**WHAT NEEDS TO BE DONE:** Find "Srhythm NC25 Noise" below and begin at its line; stop after the line with "Photo showing: Panorama". Output those lines exactly, without pictures.

**MATERIAL SUPPLIED:**
○ ○ ○ ○ ○
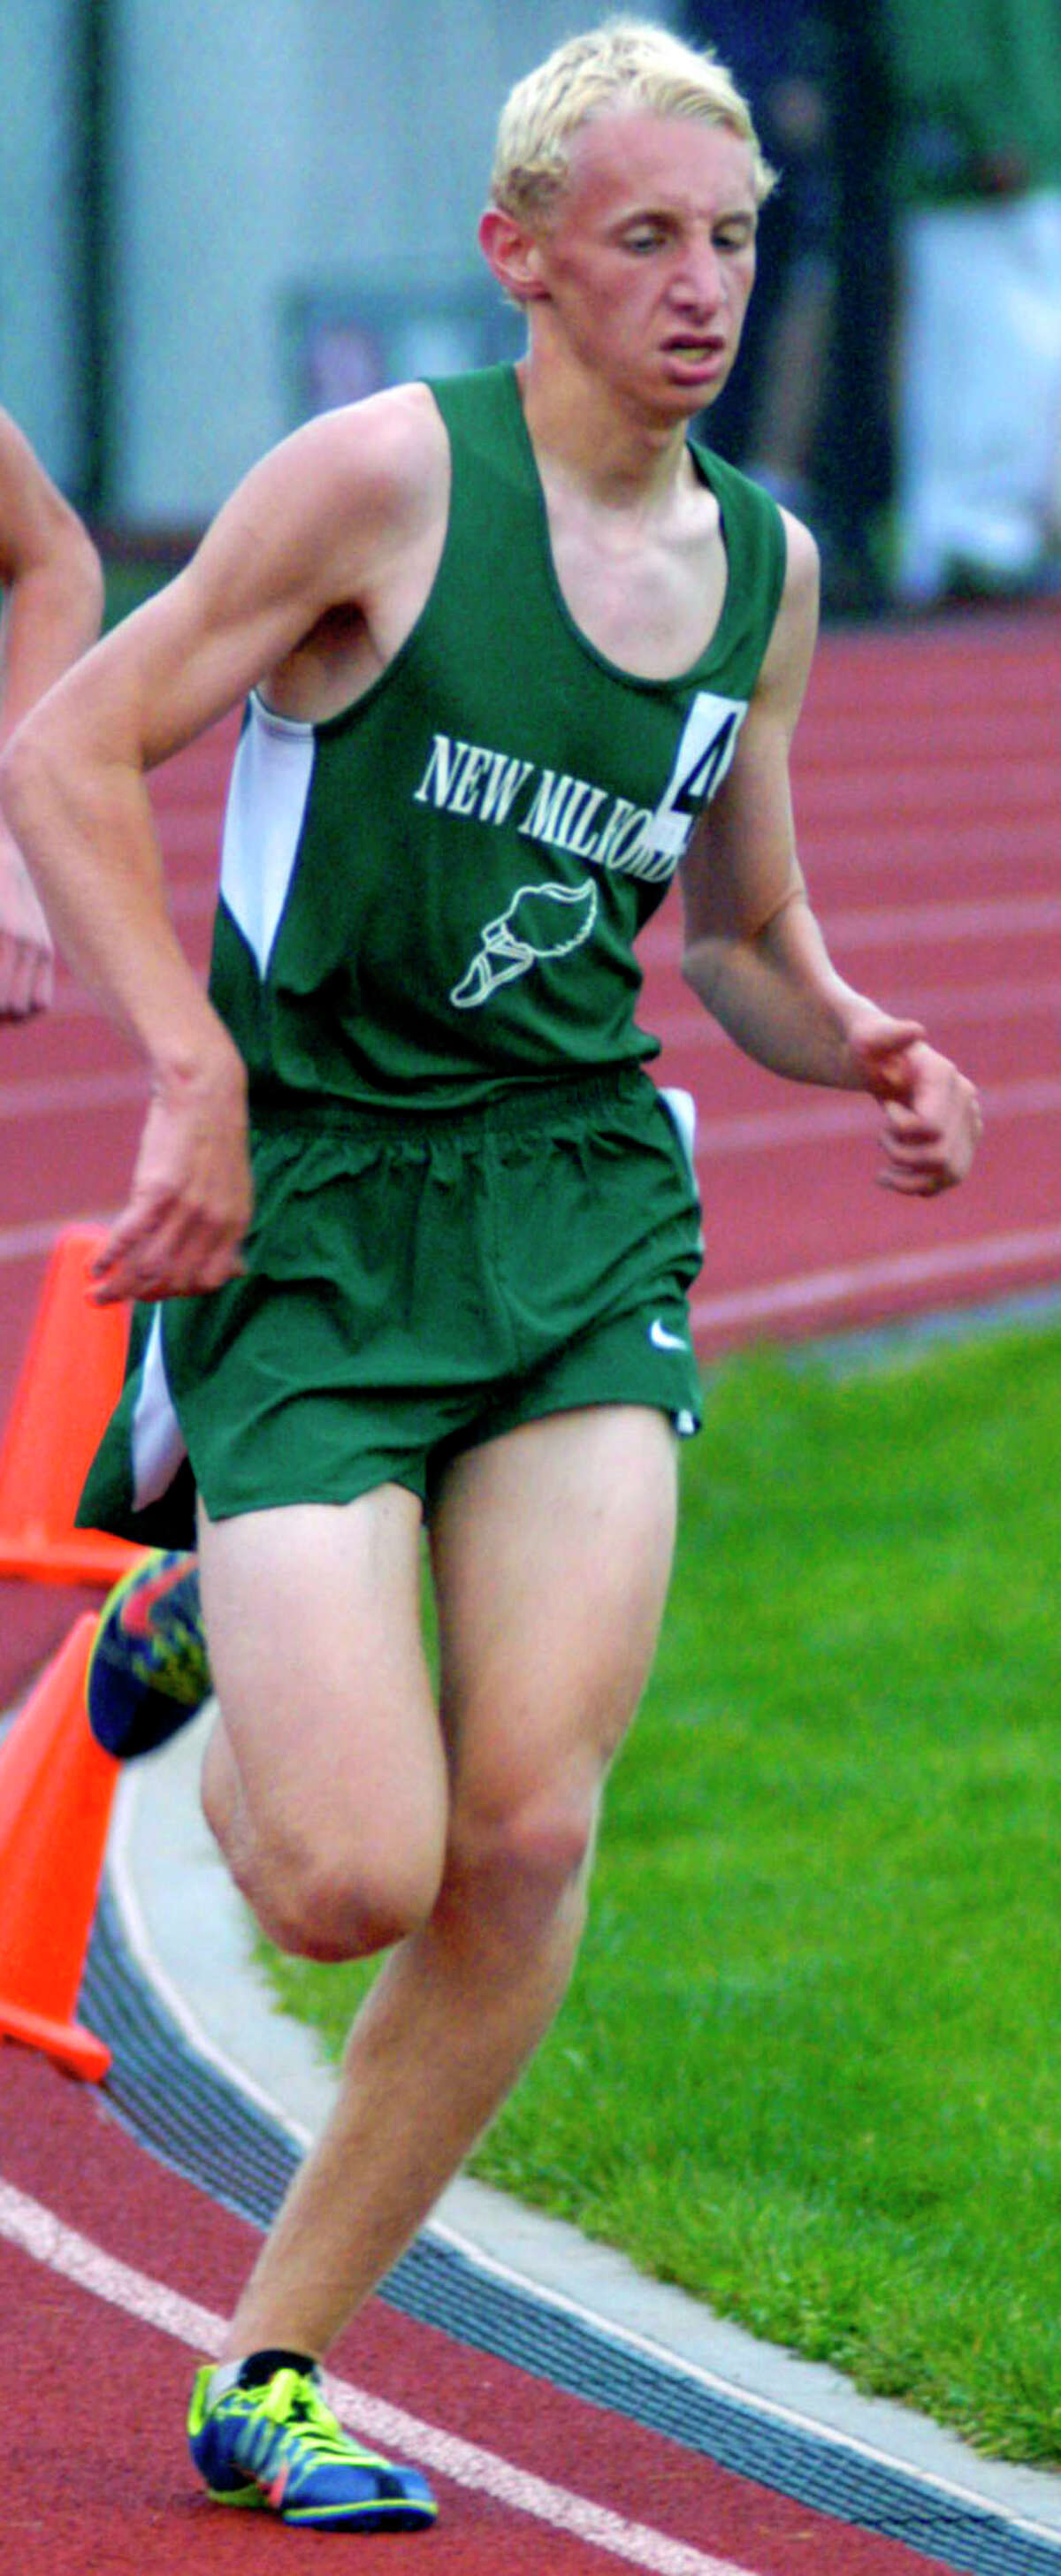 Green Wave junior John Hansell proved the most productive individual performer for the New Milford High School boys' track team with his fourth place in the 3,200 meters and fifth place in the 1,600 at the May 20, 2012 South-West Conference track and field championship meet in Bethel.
○ ○ ○ ○ ○
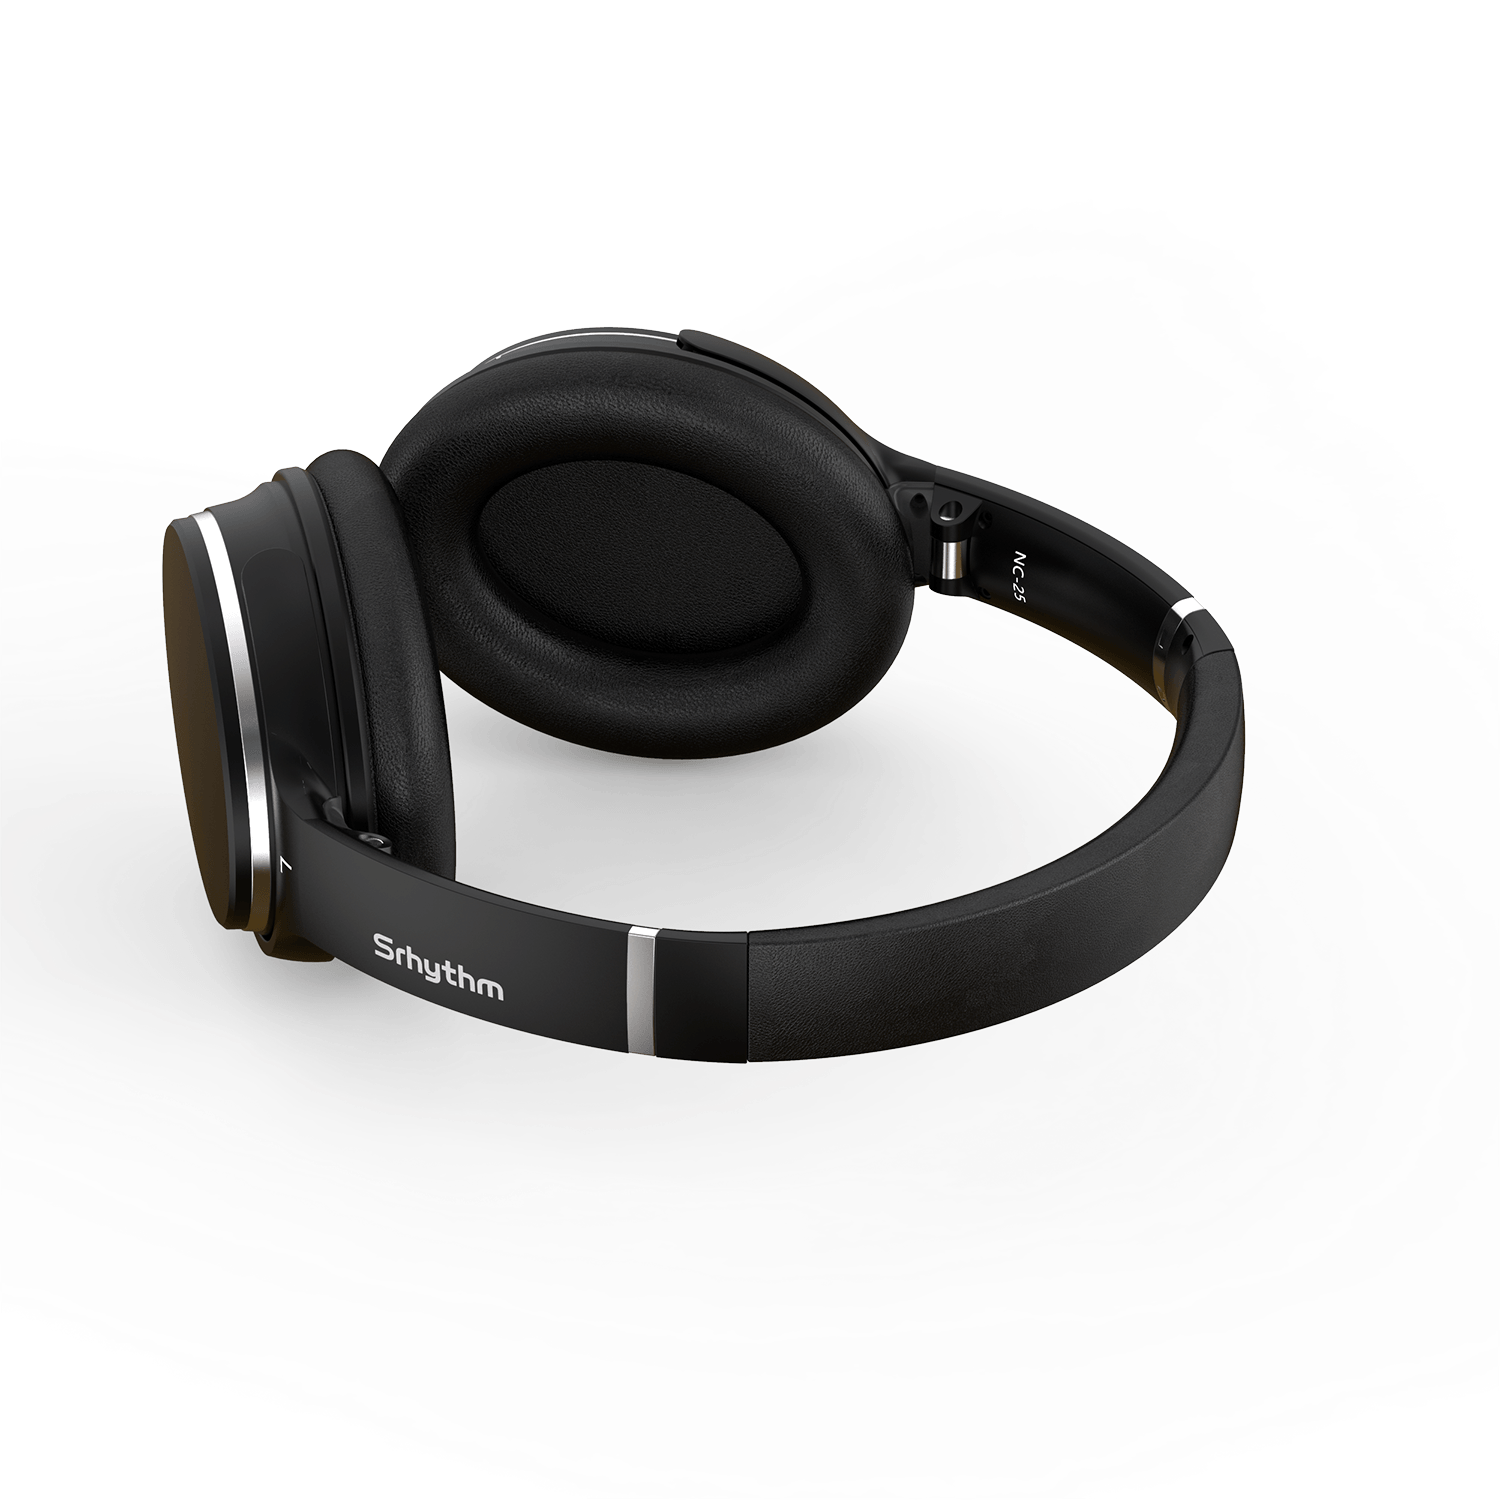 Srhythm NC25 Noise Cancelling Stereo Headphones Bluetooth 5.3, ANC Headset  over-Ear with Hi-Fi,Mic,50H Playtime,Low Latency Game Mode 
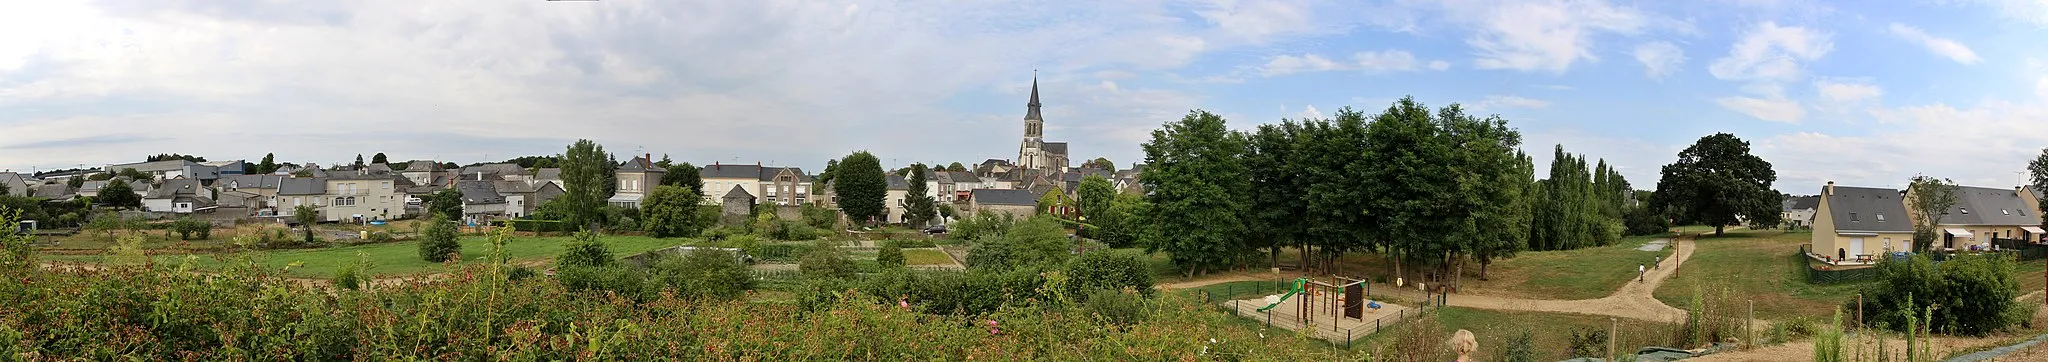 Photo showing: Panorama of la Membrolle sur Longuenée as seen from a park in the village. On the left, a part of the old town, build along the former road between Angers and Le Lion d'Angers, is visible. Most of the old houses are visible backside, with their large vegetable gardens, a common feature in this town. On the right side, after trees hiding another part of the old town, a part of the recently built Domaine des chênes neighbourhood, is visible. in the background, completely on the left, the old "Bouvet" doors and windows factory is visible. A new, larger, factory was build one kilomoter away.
○ ○ ○ ○ ○
**EXERCISE OUTPUT:**
 Srhythm NC25 Noise Cancelling Stereo Headphones Bluetooth 5.3, ANC Headset  over-Ear with Hi-Fi,Mic,50H Playtime,Low Latency Game Mode 
 Photo showing: Panorama of la Membrolle sur Longuenée as seen from a park in the village. On the left, a part of the old town, build along the former road between Angers and Le Lion d'Angers, is visible. Most of the old houses are visible backside, with their large vegetable gardens, a common feature in this town. On the right side, after trees hiding another part of the old town, a part of the recently built Domaine des chênes neighbourhood, is visible. in the background, completely on the left, the old "Bouvet" doors and windows factory is visible. A new, larger, factory was build one kilomoter away.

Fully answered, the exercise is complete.